Chaine, A.S., Schtickzelle, N., Polard, T., Huet, M. & Clobert, J. (2010) Kin-based recognition and social aggregation in a ciliate. Evolution, 64, 1290-1300.

Fellous, S., Duncan, A., Coulon, A.l. & Kaltz, O. (2012) Quorum Sensing and Density-Dependent Dispersal in an Aquatic Model System.
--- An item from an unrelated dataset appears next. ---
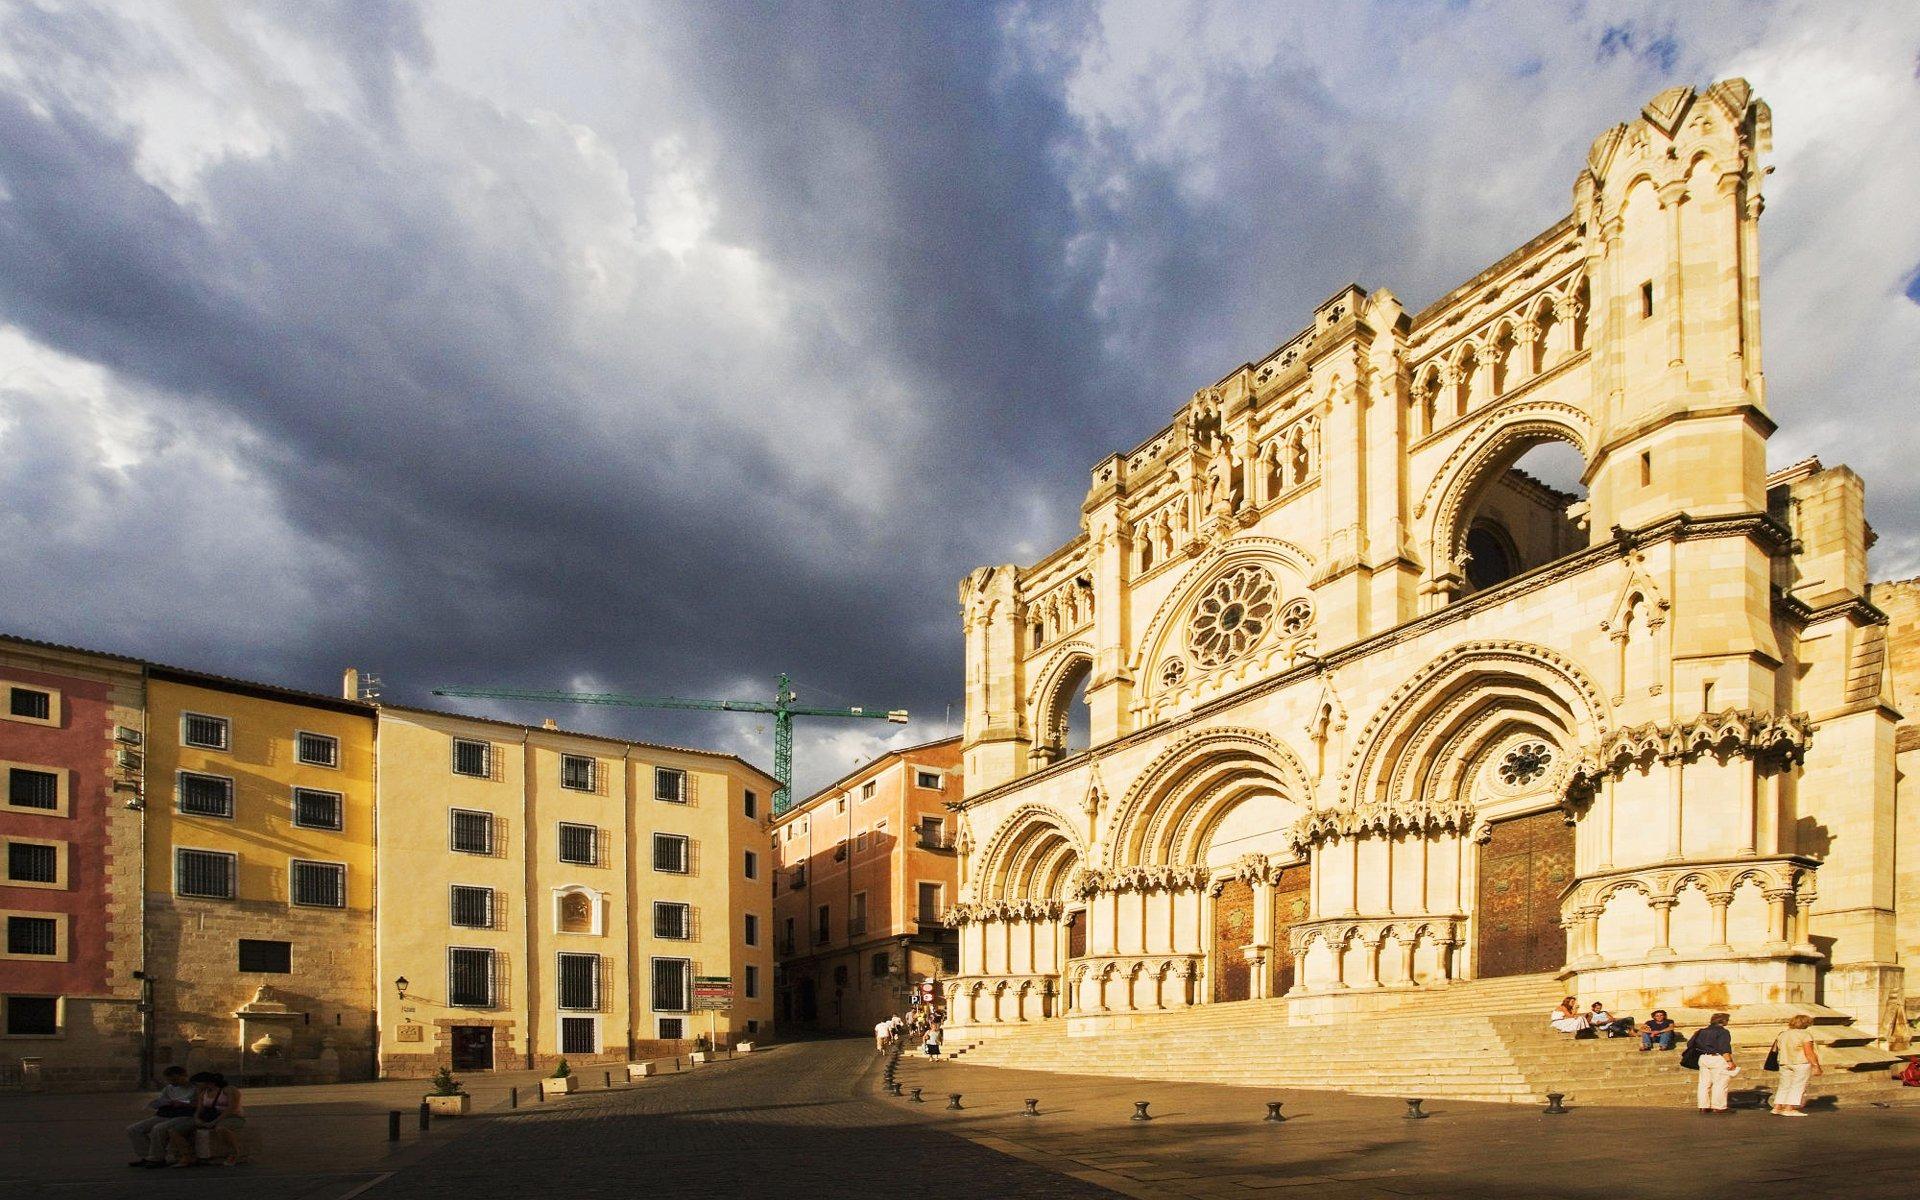 スペイン クエンカ大聖堂の壁紙プレビュー 10wallpaper Com

PLoS ONE, 7, e48436.

Fjerdingstad, E., Schtickzelle, N., Manhes, P., Gutierrez, A. & Clobert, J. (2007) Evolution of dispersal and life history strategies - Tetrahymena ciliates. BMC Evolutionary Biology, 7, 133.

Fronhofer, E.A. & Altermatt, F. (2014) Eco-evolutionary dynamics during experimental range expansions. Nature Communications, in review.

Fronhofer, E.A., Kropf, T. & Altermatt, F. (2014) Density-dependent movement and the consequences of the Allee effect in the model organism Tetrahymena. Journal of Animal Ecology, in press.

Gause, G.F. (1934a) Experimental analysis of Vito Volterra’s mathematical theory of the struggle for existence. Science, 79, 16-17.

Gause, G.F. (1934b) The Struggle for Existence. Dover Publications, Mineaola, N.Y.

Hauzy, C., Hulot, F.D., Gins, A. & Loreau, M. (2007) Intra- and interspecific density-dependent dispersal in an aquatic prey-predator system. Journal of Animal Ecology, 76, 552-558.

Luckinbill, L.S. (1979) Selection and the r/K Continuum in Experimental Populations of Protozoa. The American Naturalist, 113, 427-437.

Luckinbill, L.S. & Fenton, M.M. (1978) Regulation and environmental variability in experimental populations of protozoa. Ecology, 59, 1271-1276.

Pennekamp, F., Mitchell, K.A., Chaine, A. & Schtickzelle, N. (2014) Dispersal propensity in Tetrahymena thermophila ciliates—a reaction norm perspective. Evolution, 68, 2319-2330.

Warren, P.H. & Spencer, M. (1996) Community and food-web responses to the manipulation of energy input and disturbance in small ponds. Oikos, 75, 407-418.